_YOUR INSTRUCTIONS:_
No pictures belong in the copy. Set down exactly the lines from the one that contains "בניין עיריית ירושלים" through the end of the data.

_DATA:_

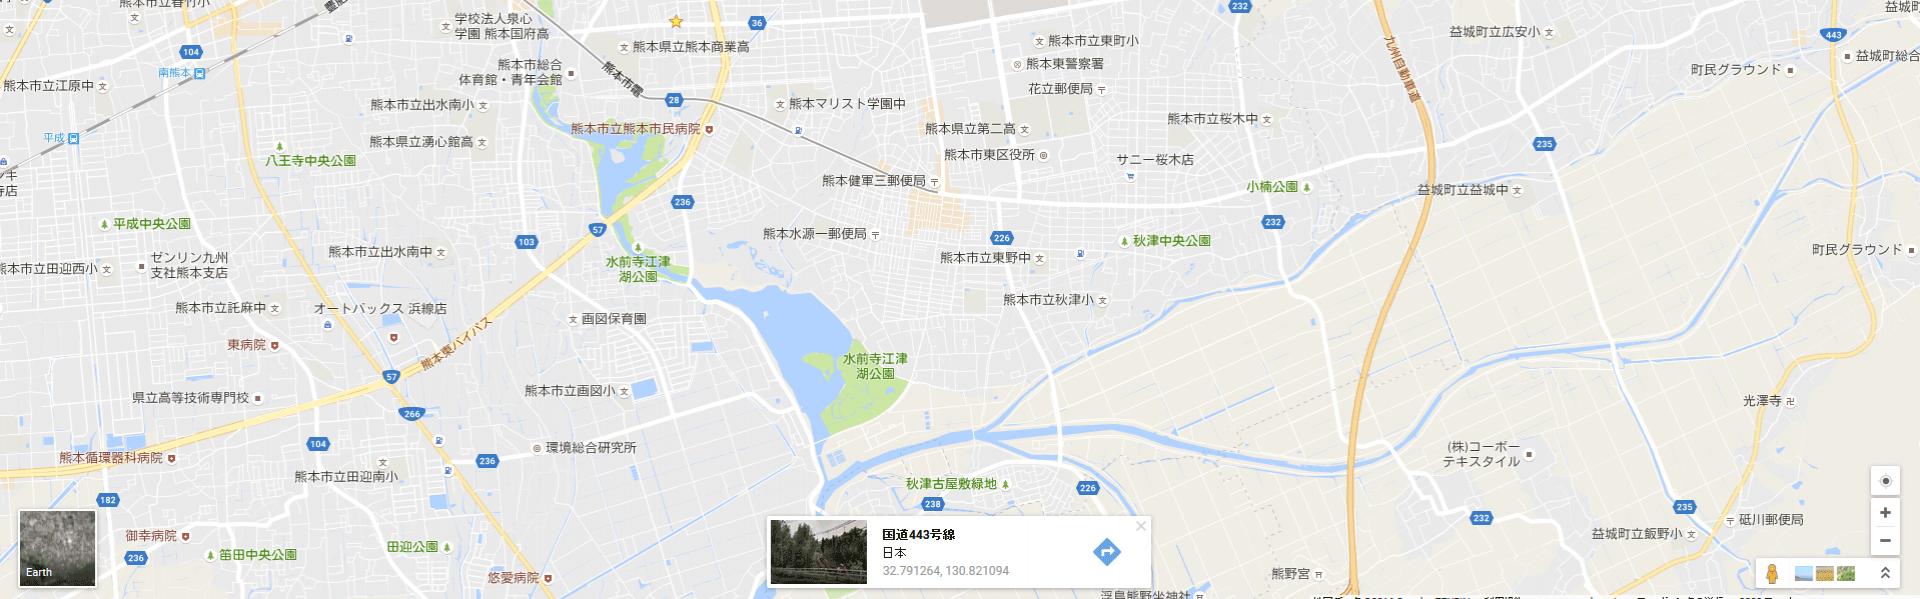 グーグルストリートビュー(インドアビュー)事業部 – (株)オオタ
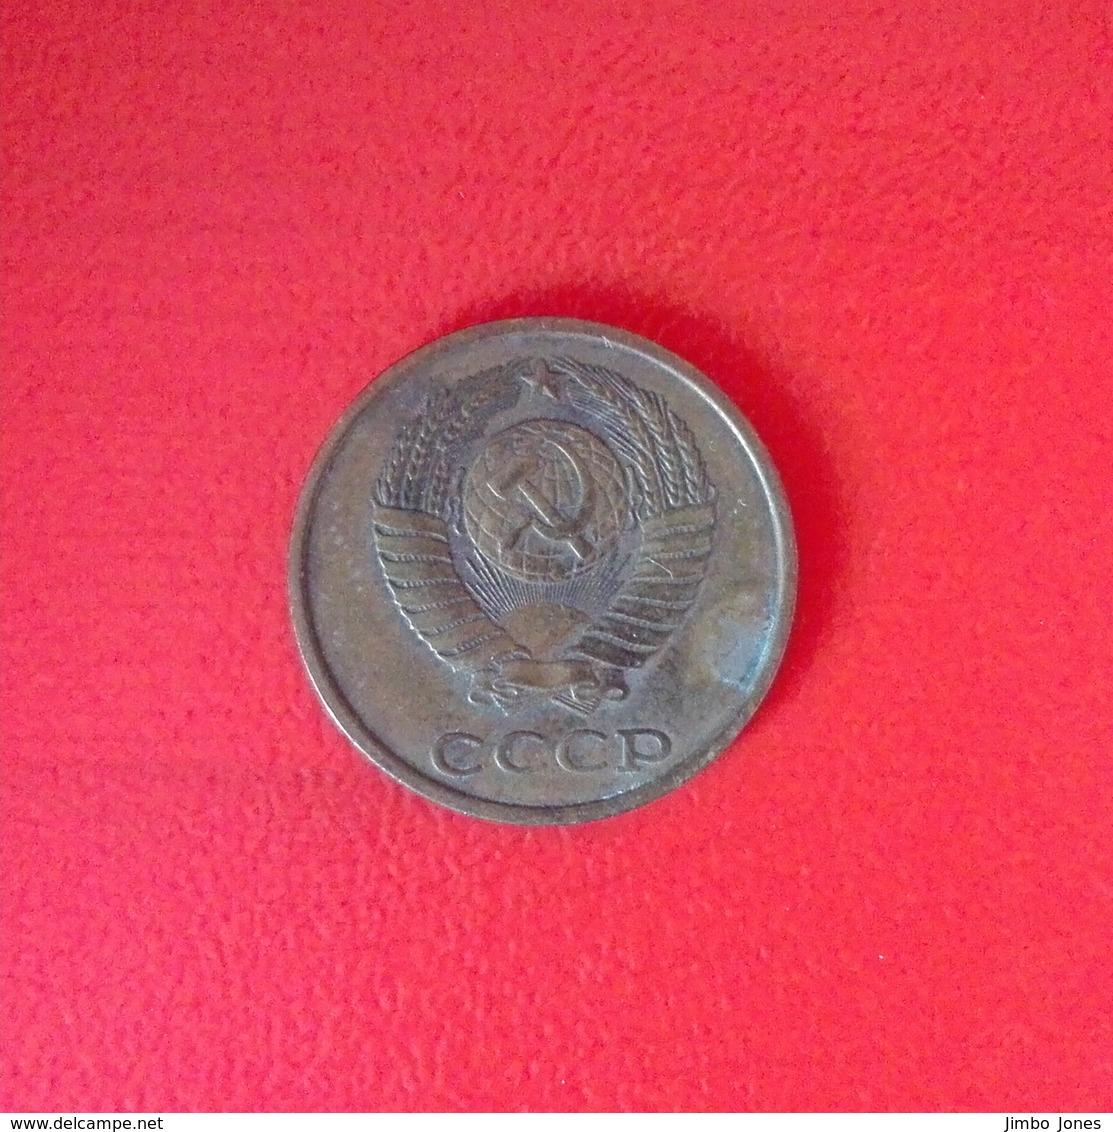 2 Kopeken Münze Aus Der Sowjetunion Von 1980 (sehr Schön) - Russland
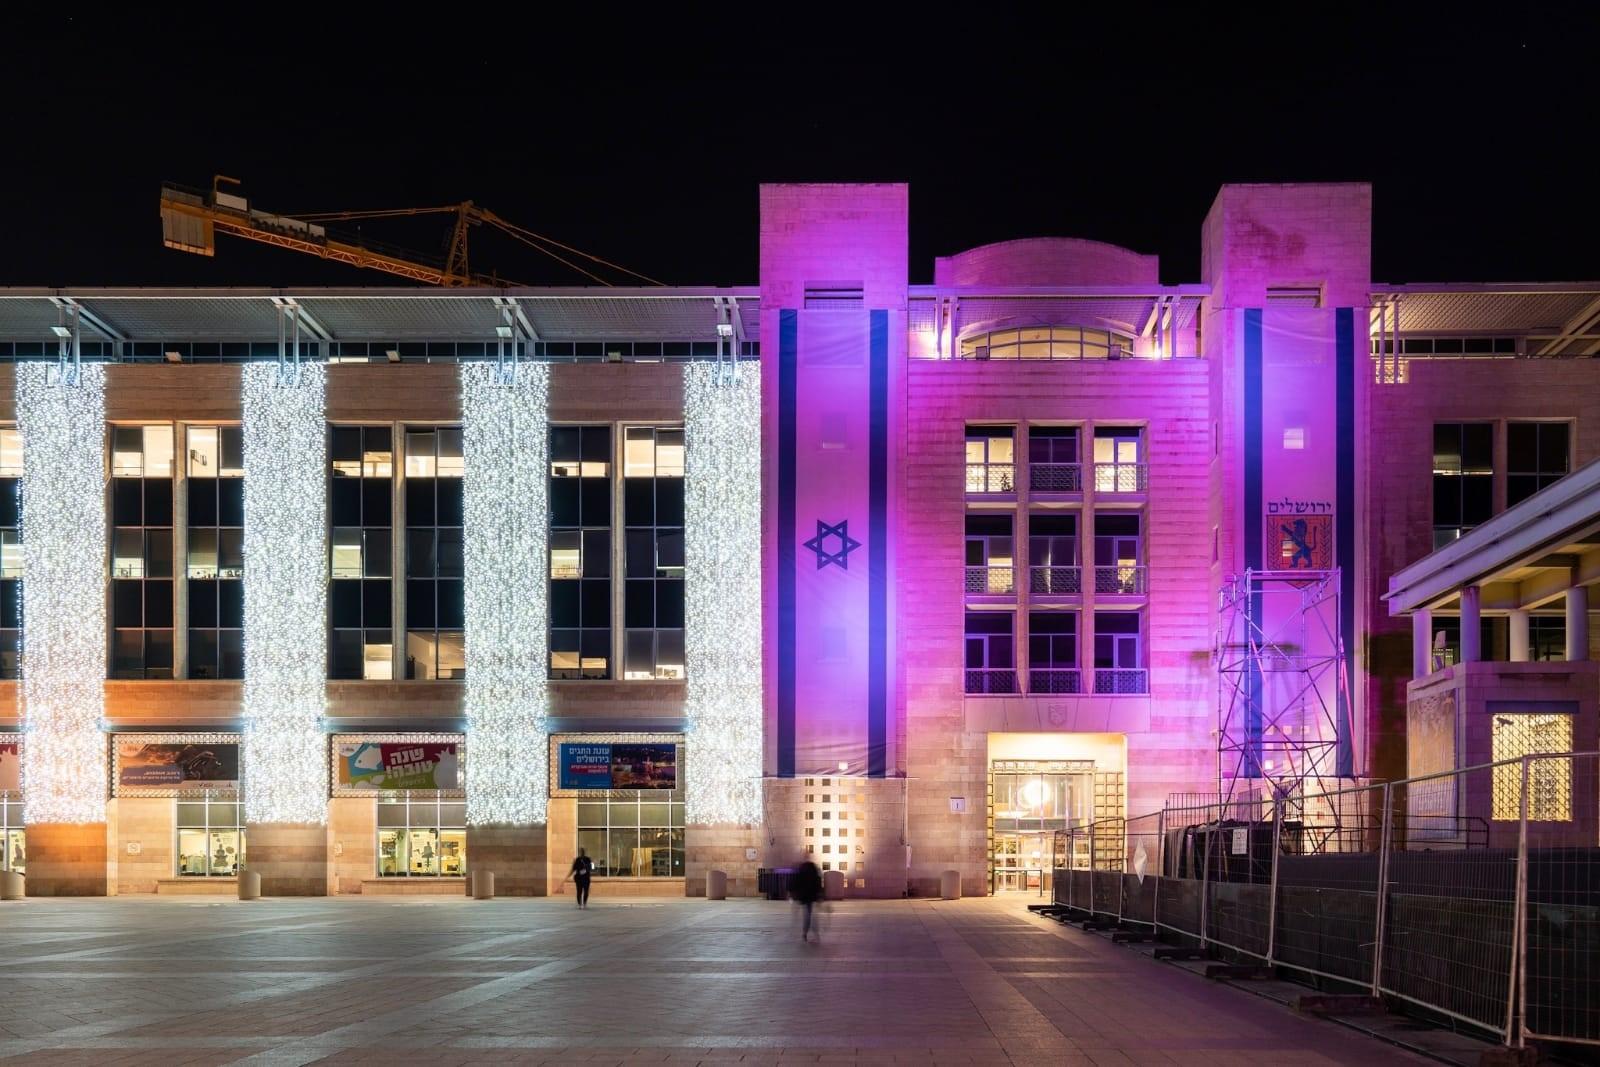 בניין עיריית ירושלים מואר בוורוד לרגל חודש המודעות לסרטן השד. צילום: נדב קורן
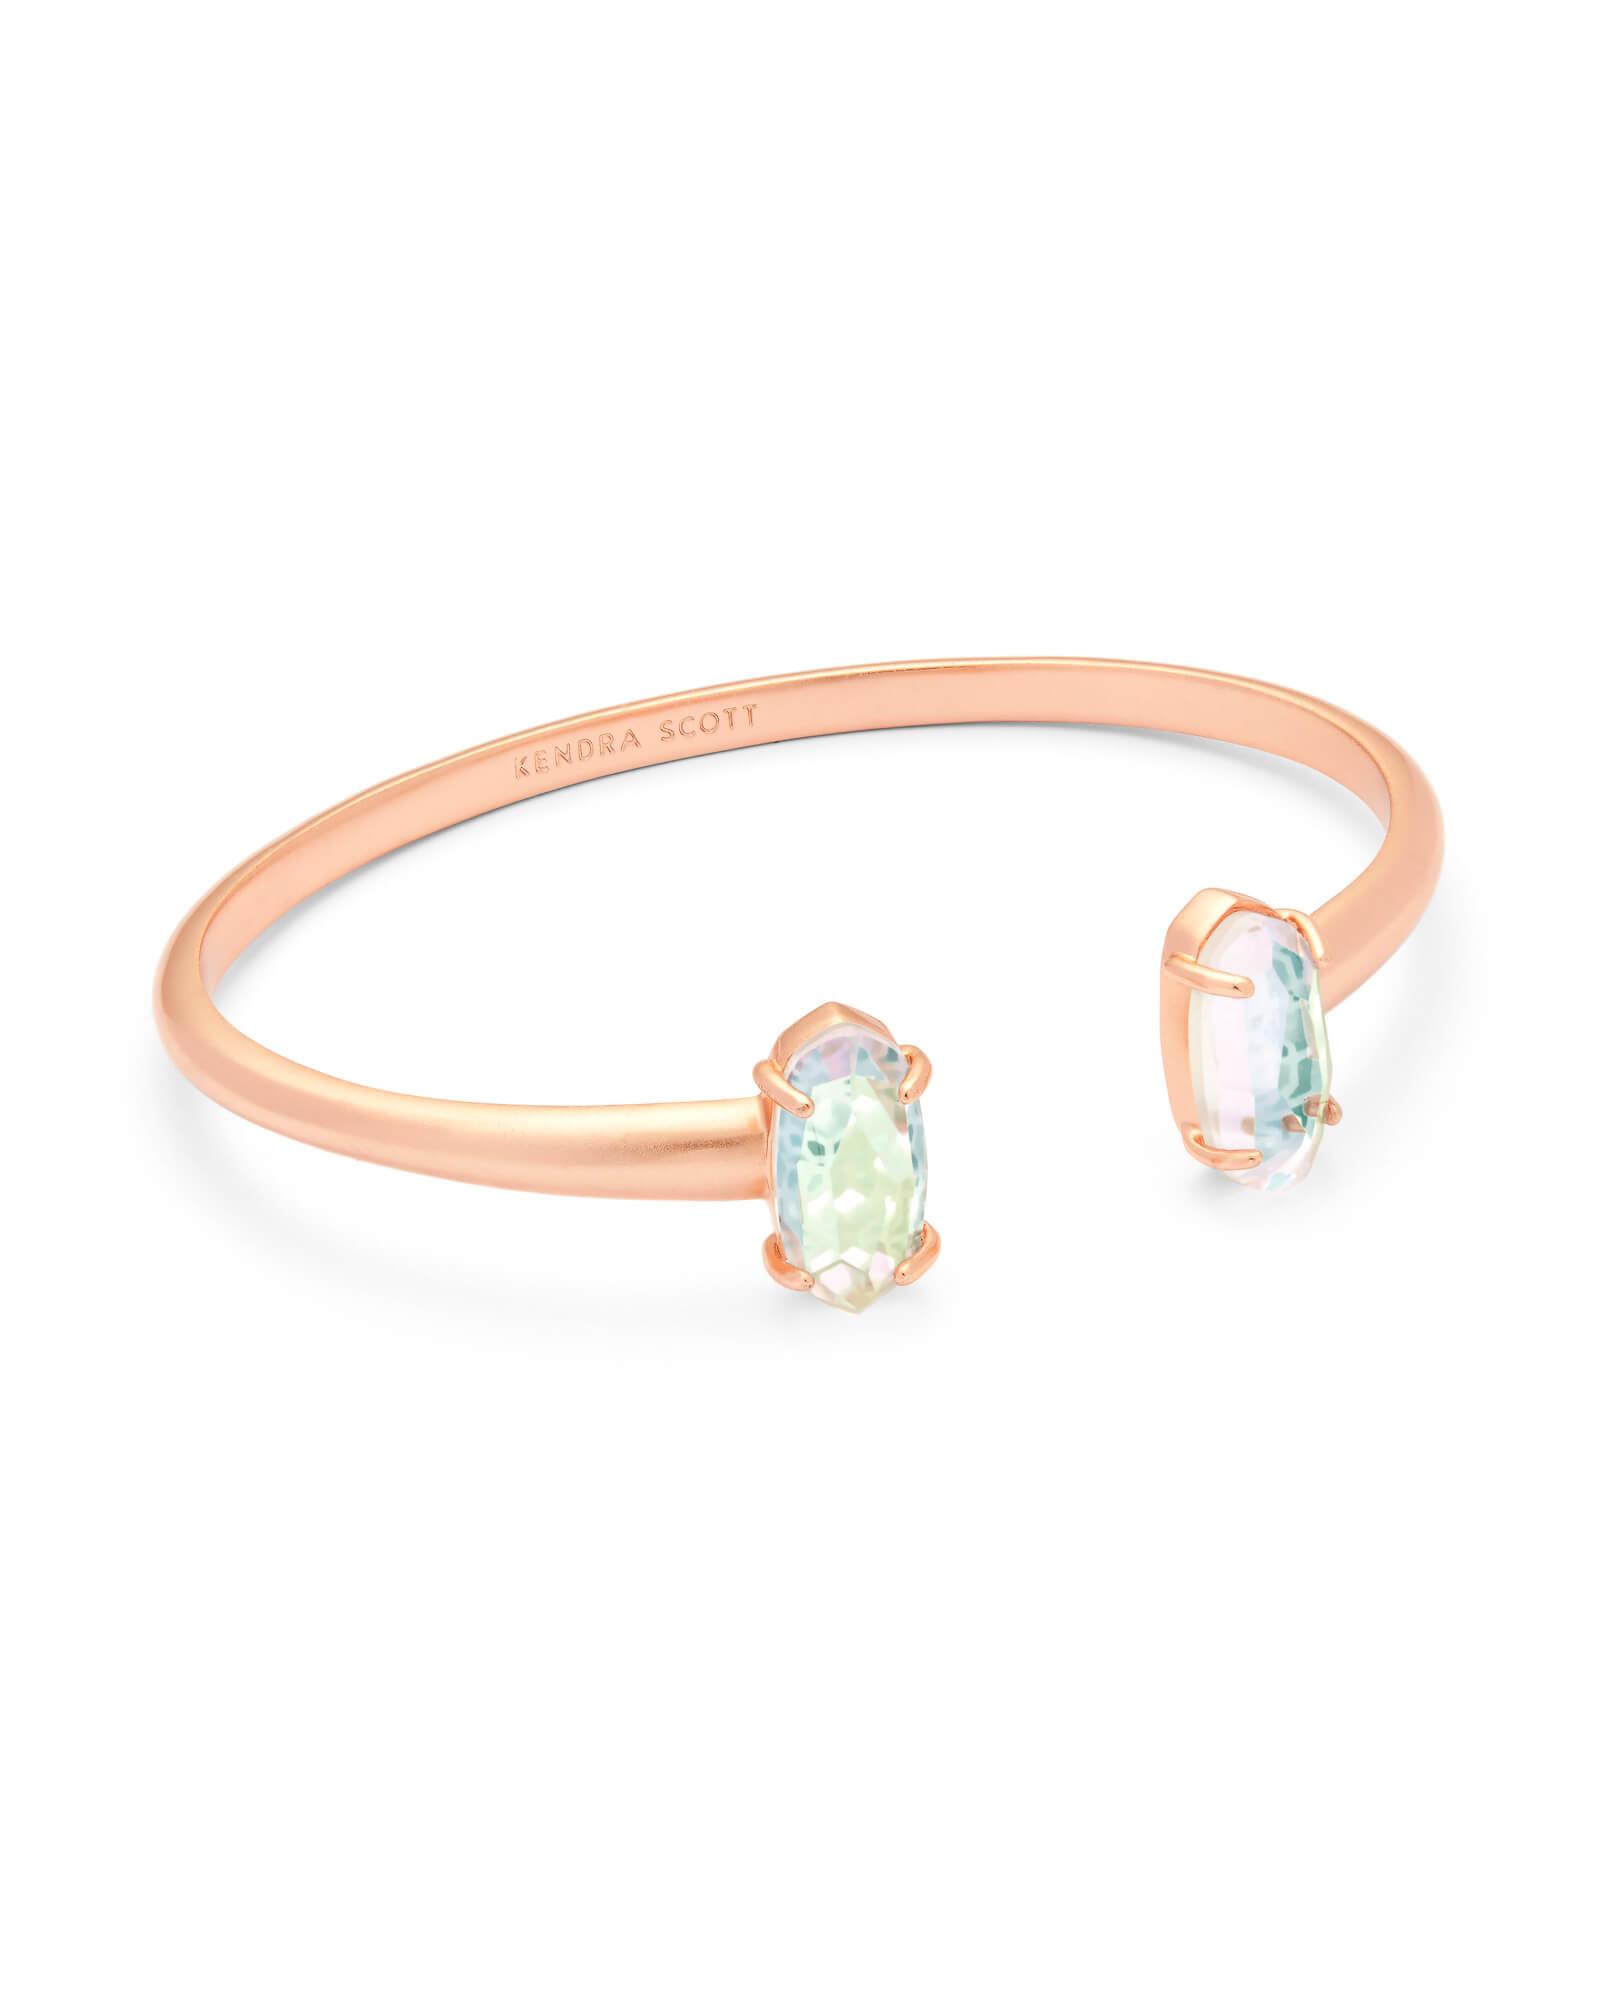 4ecd739a13e8f Edie Rose Gold Cuff Bracelet in Blush Dichroic Glass

_SOLUTION FOR THIS EXERCISE:_
 בניין עיריית ירושלים מואר בוורוד לרגל חודש המודעות לסרטן השד. צילום: נדב קורן
 4ecd739a13e8f Edie Rose Gold Cuff Bracelet in Blush Dichroic Glass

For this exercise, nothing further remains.